Many view the World Economic Forum’s Annual Meeting as the ultimate snapshot of the current state of the world. As always, this year’s event will provide great intellectual and political fodder for attendees, as well as for the public, who will follow the event through live stream, social media, and traditional media reports.

In the coming week at Davos, we will certainly hear strong debates over immediate concerns—the rapid fall in oil prices, geopolitics (no Vladimir Putin this year), and, in the wake of the Charlie Hebdo massacre, security and terrorism. But most interesting to me about this year’s agenda is the prominence of long-term questions, especially climate change and the rise of mass automation and artificial intelligence—two topics that will be with us for decades to come. The ability of the global community to come to grips with these questions will determine whether we meet the goal of ensuring prosperous lives for the global population.

Climate is not a new topic at Davos. The world’s foremost actors on climate—including Al Gore, Christiana Figueres of the UNFCCC, Kumi Naidoo of Greenpeace, and corporate climate leaders like Paul Polman of Unilever—are Davos veterans. What is new this year is the urgency presented by the ever-clearer data about the impacts of a changing climate, as well as the “forcing function” of the intergovernmental COP21 negotiations set to conclude in Paris this December.

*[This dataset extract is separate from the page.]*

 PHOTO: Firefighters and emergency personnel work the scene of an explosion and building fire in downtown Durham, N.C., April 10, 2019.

In this context, Davos represents a crucial stop on the road to Paris, with the main negotiations taking place over the first half of 2015. A combination of government negotiations, new corporate commitments, and NGO advocacy will all come to the fore. At BSR, we are supporting collective business action through the We Mean Business coalition, which is advancing the dialogue about how business ambition and smart policy are both essential to progress.

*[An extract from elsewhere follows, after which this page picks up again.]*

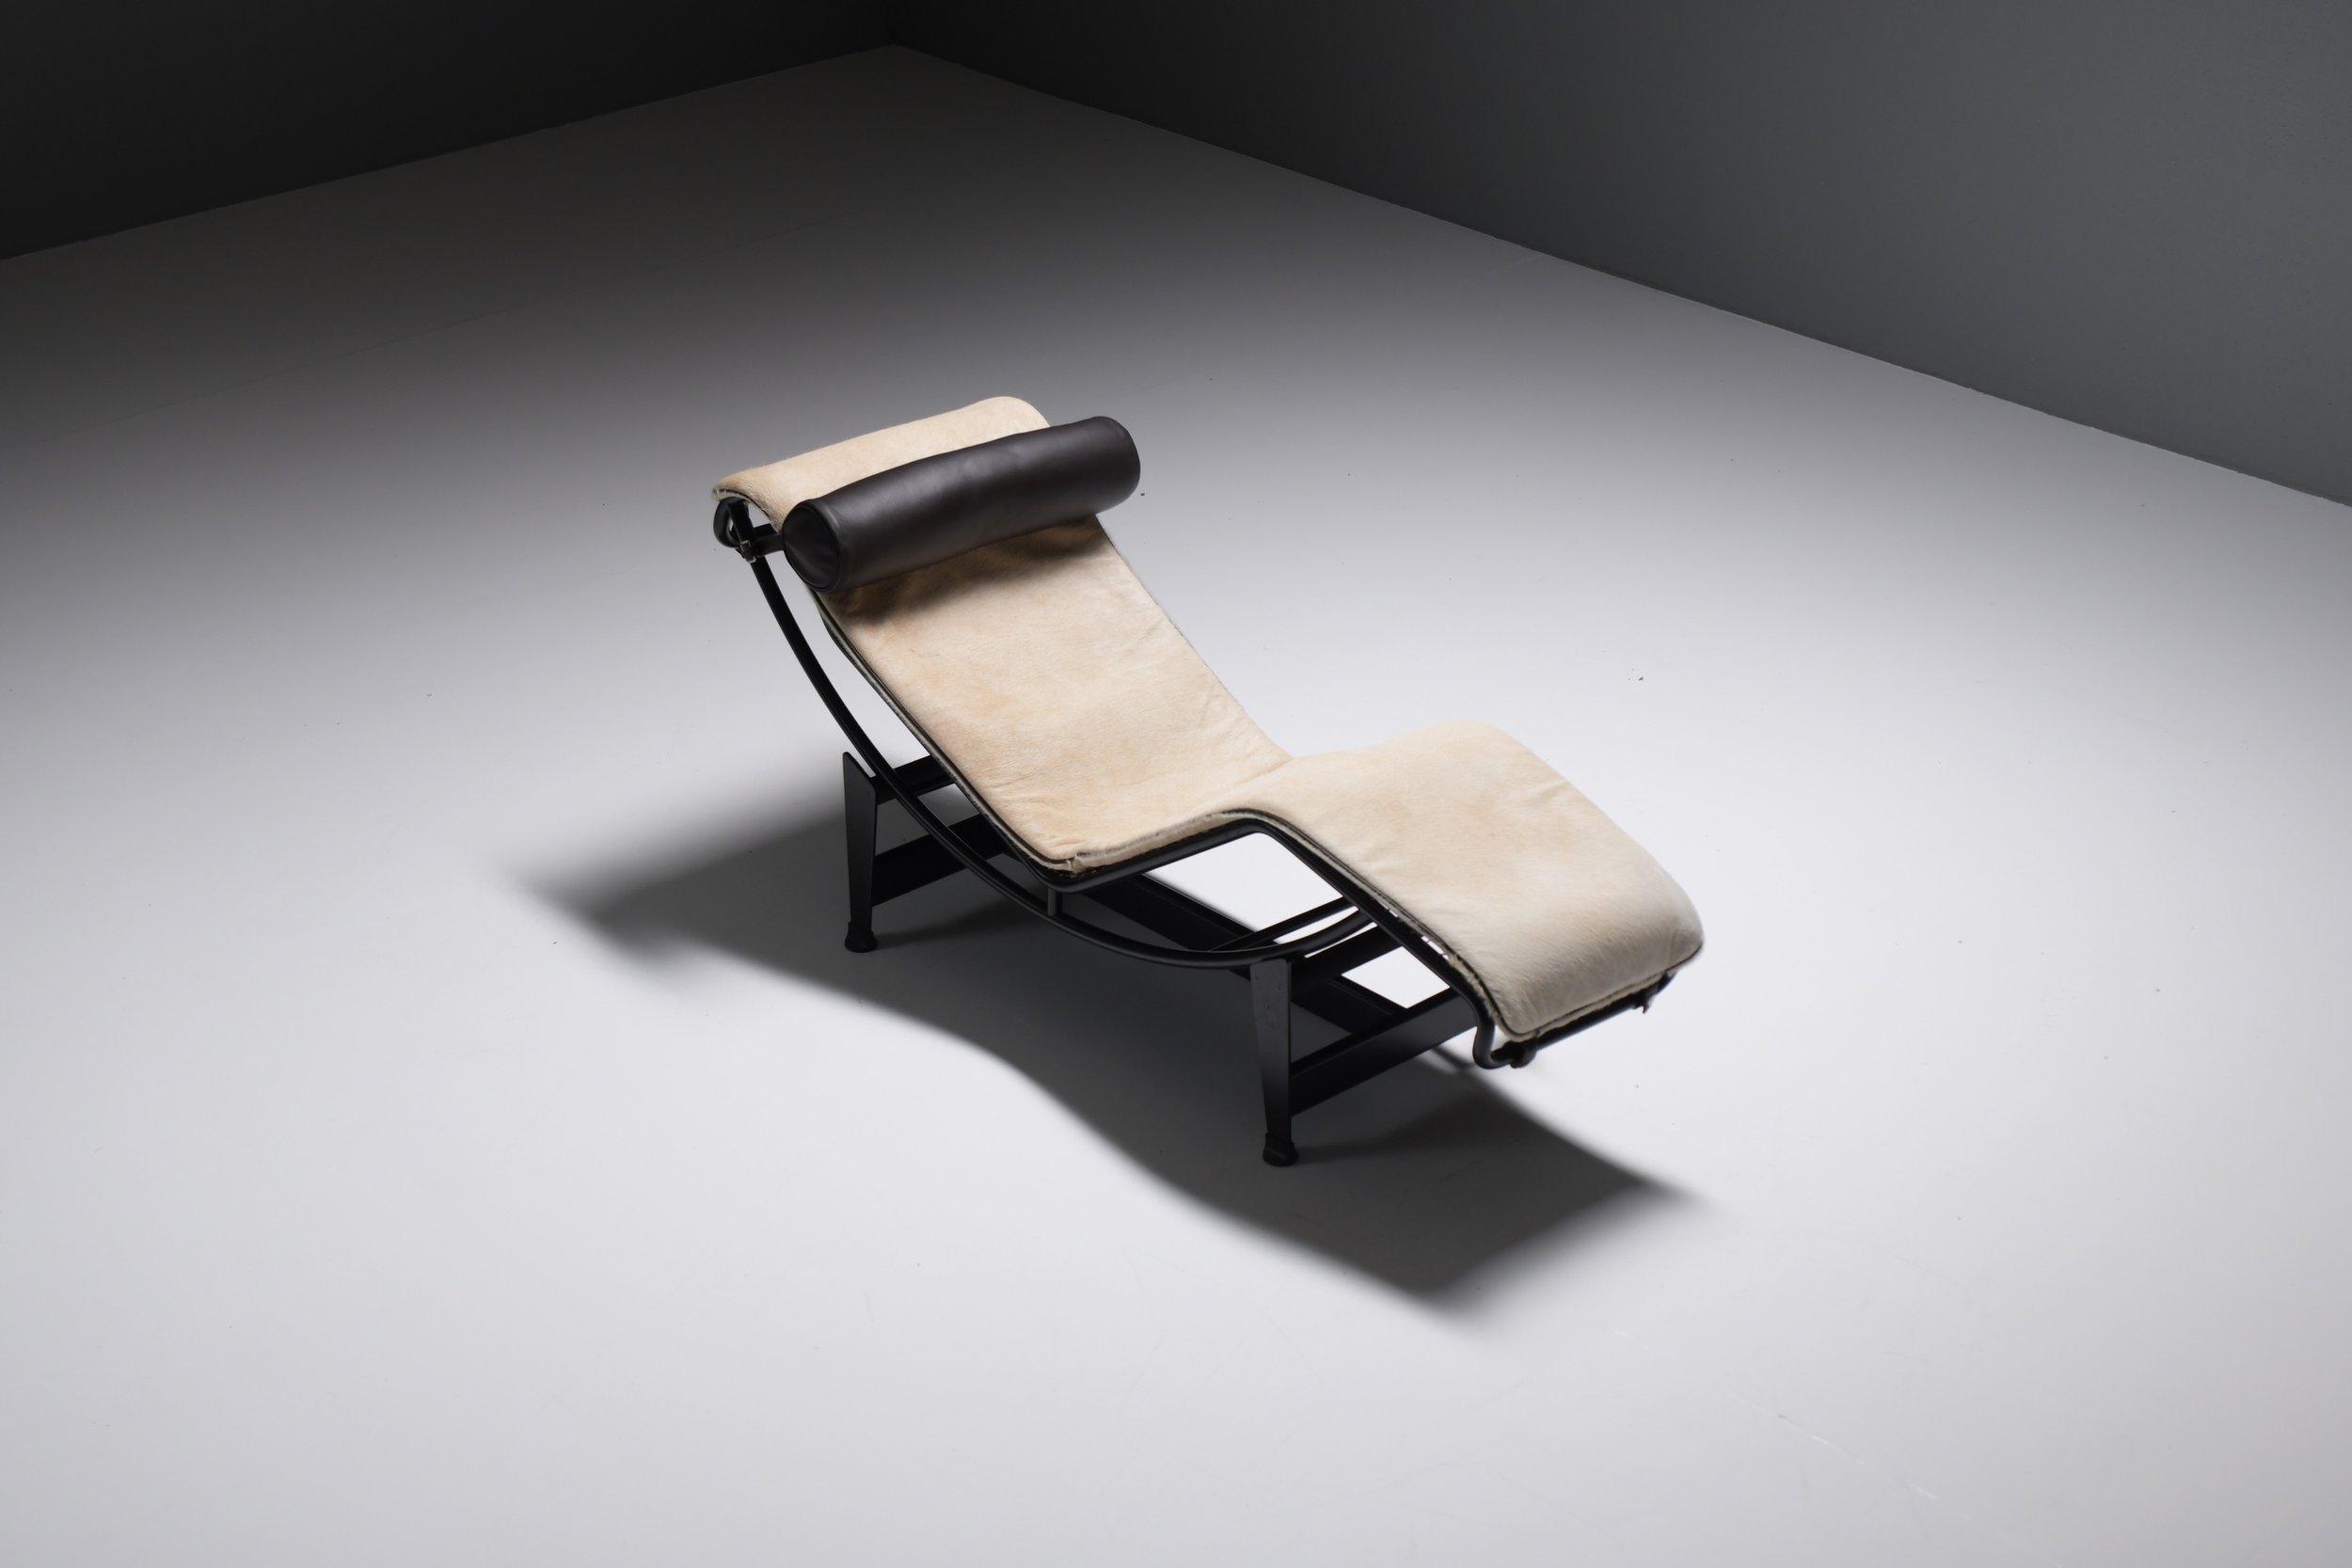 LC4 Chaise Longue 1928 by Le Corbusier, Charlotte Perriand and

While climate has had a place on the agenda for years, artificial intelligence is the topic shooting up the charts at Davos this year. 

The World Economic Forum has identified unemployment and income inequality as the two top risks facing the world in 2015. At the same time, the Forum has clearly positioned the rise of artificial intelligence and mass automation as the great wild cards that will determine whether the ongoing decoupling of productivity and employment will enable widely shared prosperity, reinforce income inequality, destroy millions of manufacturing jobs in rising economies, or some combination of the three.

My own agenda at Davos focuses on climate, as well as the NGO-business dialogue, the changing shape of the consumer sector, and the circular economy. And, as has been true in prior years, I hope to return home with new impressions that deliver new insights to enrich BSR’s perspective—including ideas to help tackle long term global challenges with concrete, practical, and actionable steps.